Nobody thinks about the barcode.
It just works. A quick scan at the till. A beep. Done.
For half a century, the black-and-white UPC stripe has done one job extremely well. It identifies a product. Fast, reliable, and cheaply.
But retail is now asking it to do far more than that.
The biggest change since 1974
A global initiative called GS1 Sunrise 2027 is pushing the entire industry toward two-dimensional barcodes. That includes QR codes and GS1 DataMatrix codes.
Unlike the traditional striped barcode, these codes carry richer information. They connect physical products to digital records. They can be updated after the product leaves the factory.
QRNow calls this the biggest shift in retail since the barcode first appeared in 1974. Its 2D barcode transition guide notes that QR codes can carry 200 times more information than a traditional barcode — and transmit that information faster too.
That changes what packaging can do.
From a label to a product passport
Think about what a 2D code could show a shopper.
Allergens. Where the product was made. Sustainability claims. Recycling instructions. Usage directions. Safety alerts. Proof that a product is genuine.
All from one scan.
Now think about what the same code could do for a retailer.
Process checkout. Manage inventory. Flag products nearing expiry. Support a product recall. Track items through the supply chain.

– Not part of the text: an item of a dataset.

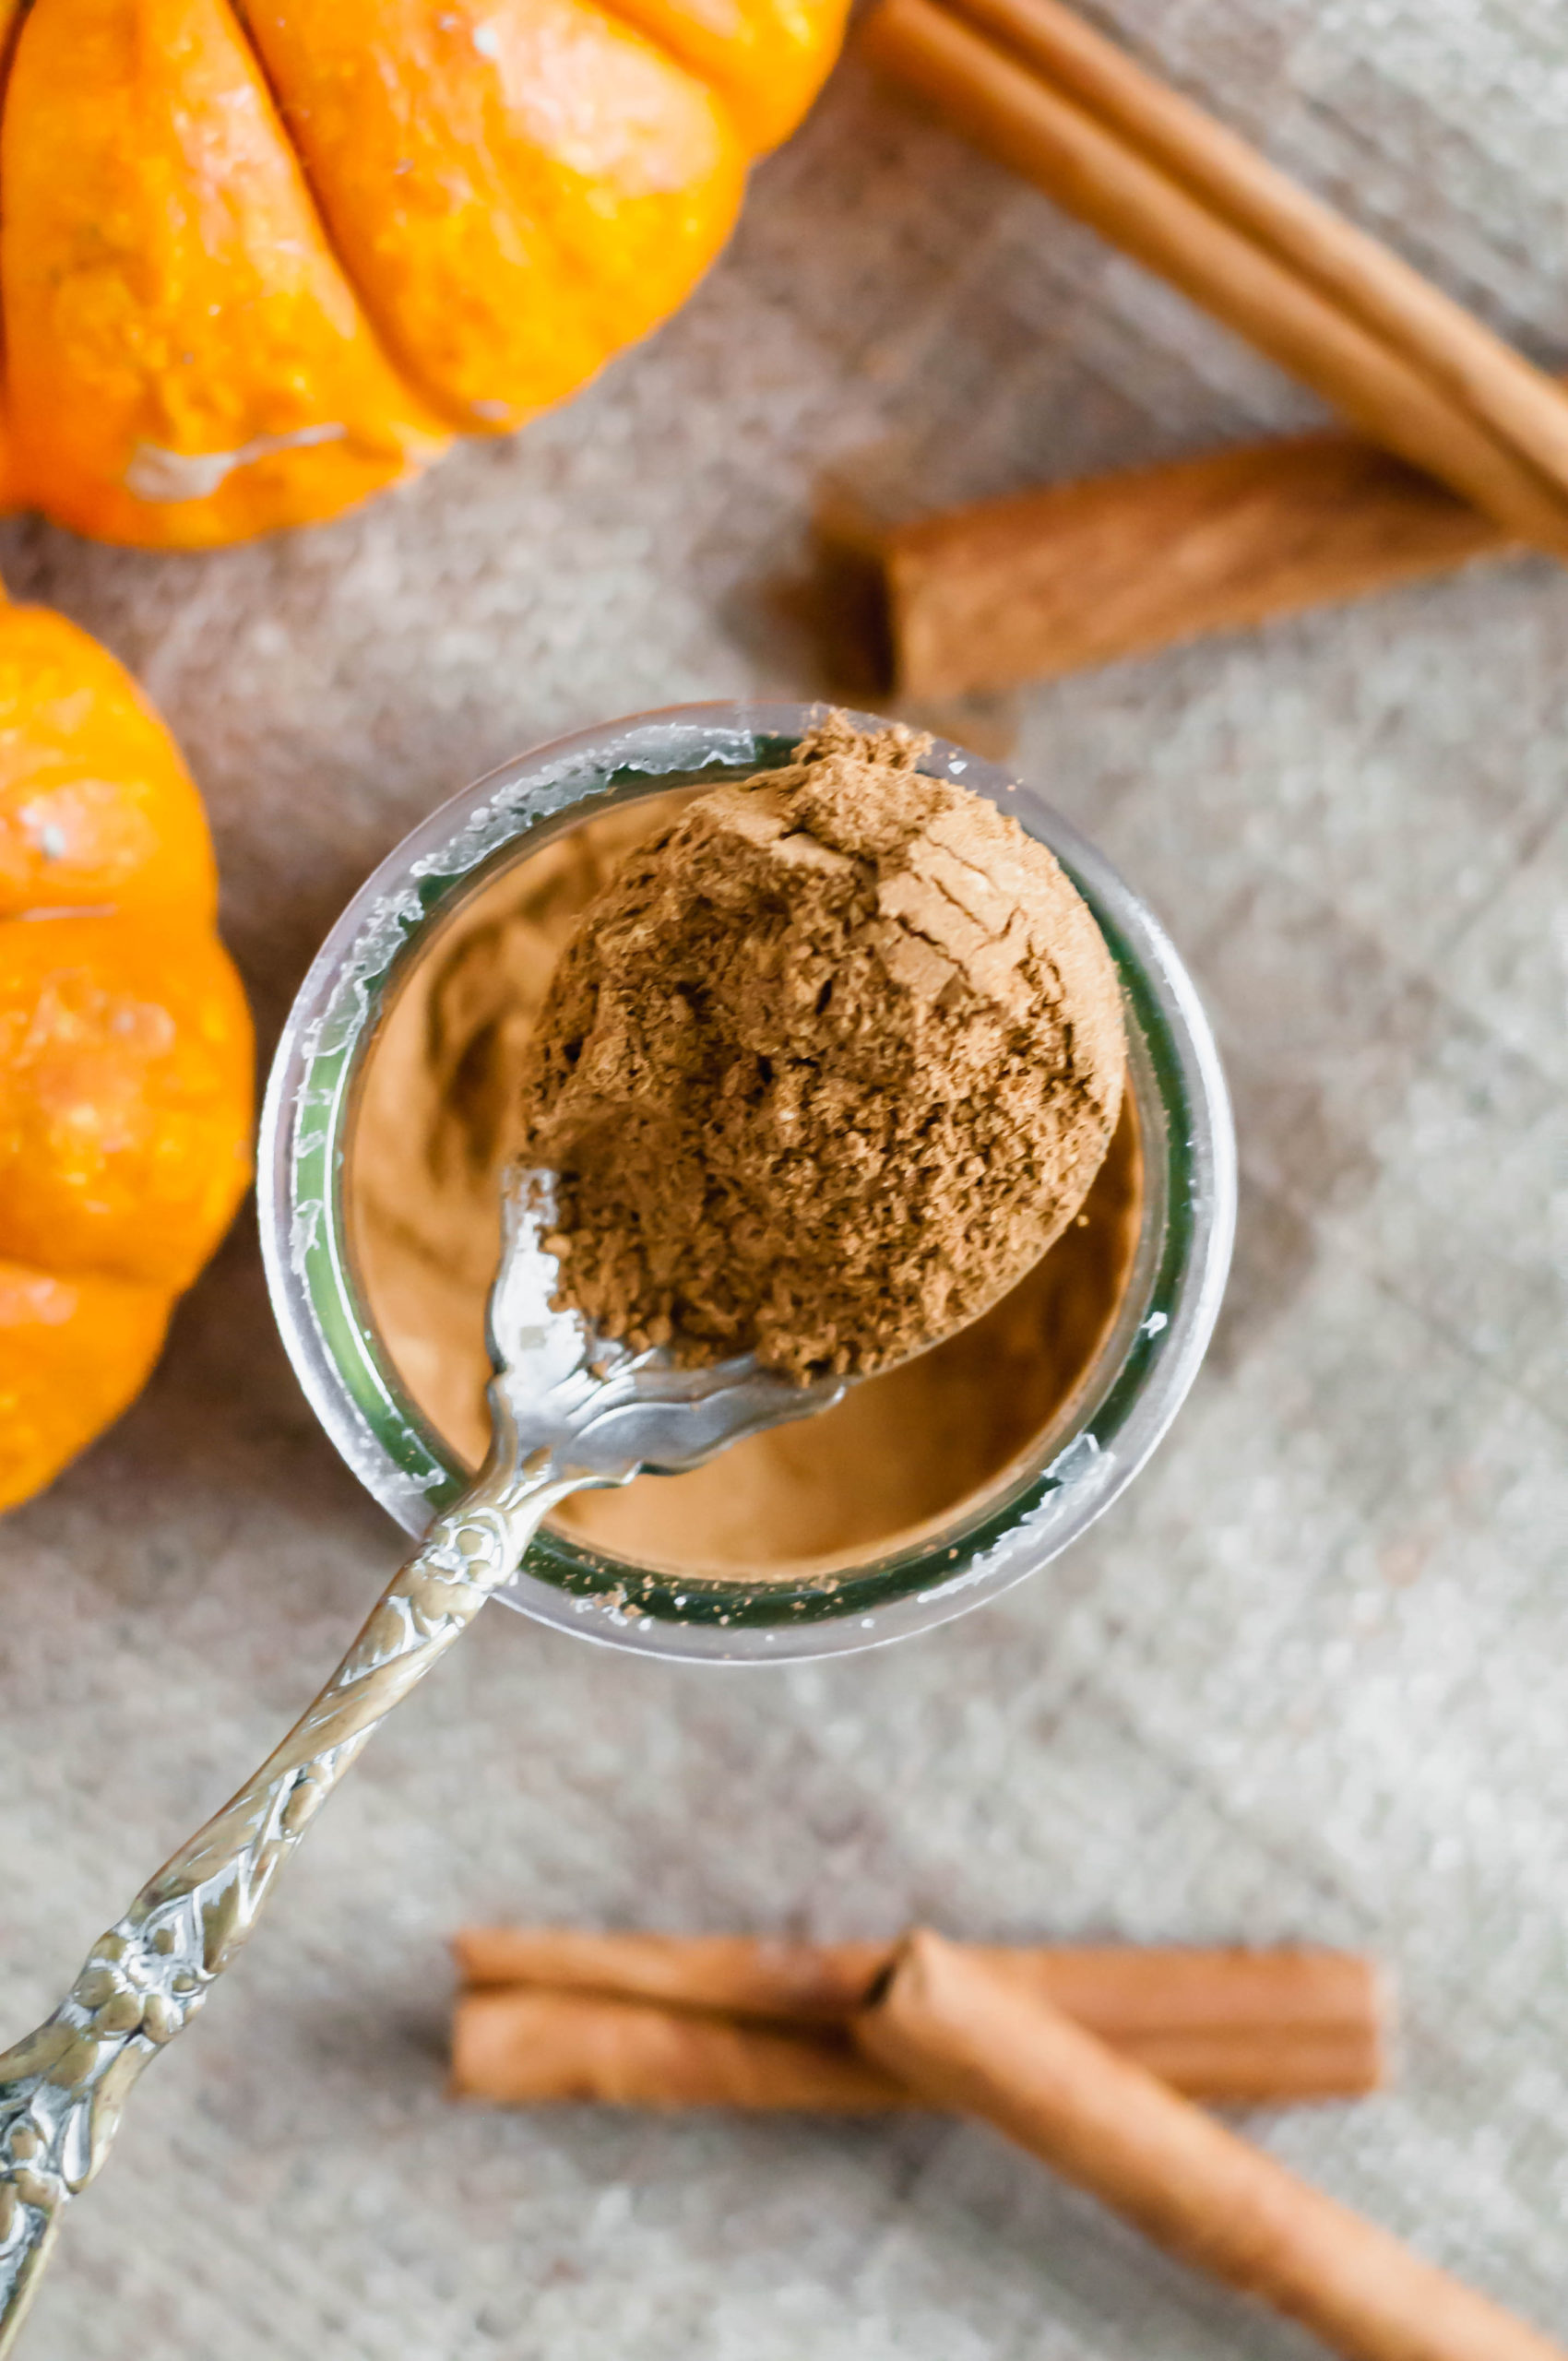 This Pumpkin Pie Spice recipe is made with common baking spices and super easy to throw together. Skip buying the specialized mixes and make them yourself in a minute. You'll never be out of pumpkin pie spice.

And for a regulator? Full traceability from manufacturing to purchase.
That is a massive leap from what a traditional barcode was ever designed to do.
GS1 US says Sunrise 2027 is built to give retailers the tools to read and process this next generation of data-rich codes. The goal is greater transparency, stronger traceability and richer data across the entire supply chain.
Shoppers want this
The consumer case is already made.
GS1 US found that 79% of consumers are more likely to buy a product with a scannable QR code giving them extra information. 77% say product information matters when making a purchase. 62% say they will pay more for a product that offers detailed information.
Those are not small numbers. That is the mainstream.
The business case is even stronger
GS1 Digital Link is the standard that makes all of this possible.
It allows a barcode to connect a product to the web using a structured, standards-based format. GS1 US says Digital Link can support allergen lookups, product tips, authenticity checks, tracking from factory to purchase and business processes like recall management and automatic price changes tied to expiration dates.
That last point is worth dwelling on.
A printed label is frozen the moment it leaves the printer. A web-enabled 2D code is not. It points to information that can change over time. A recipe can be updated. A recall alert can be added. A sustainability claim can link to a new certification. A promotion can be changed without reprinting a single package.
For brands, that turns packaging into a media channel. For retailers, it turns packaging into a data carrier. For shoppers, it makes packaging genuinely useful.
This is already happening
Videojet reports that GS1 pilots live in 48 countries. Those countries represent 88% of global GDP.
This is not a future project. The transition is underway right now.
The challenge is bigger than the code
Here is the part that catches many businesses off guard.
This is not just a design problem. It is a systems problem.
Retailers need scanners that can read 2D codes at a busy checkout. Point-of-sale systems need to process the data correctly. Brands need clean, structured product information ready to go. Packaging teams need to find space for codes that scan reliably on different shapes and materials.
GS1 US recommends a crawl-walk-run approach.
For brands, the first step is adding 2D barcodes to packaging and making sure any existing QR codes meet GS1 Digital Link standards — including the product’s unique identifier.
For retailers, the first step is installing scanners that are Sunrise-ready and can read 2D codes at the point of sale.
Old and new will run together
Most products will carry both the familiar UPC stripe and the new 2D code during the changeover period.
That gives brands and retailers time to adapt without breaking checkout. But it also puts pressure on packaging design teams working with limited label space.
What comes after the transition
The long-term direction is clear.
The barcode is moving from a static identifier to a digital interface.
That changes how brands should think about packaging design. Today, brands compete for shelf attention using logos, colours and claims. In a 2D barcode world, they can also compete on what happens after the scan — transparency, trust, education, service and personalisation.
The barcode did not die. It became a gateway.
And after 50 years as one of retail’s least glamorous tools, it may be about to become one of its most important digital touchpoints.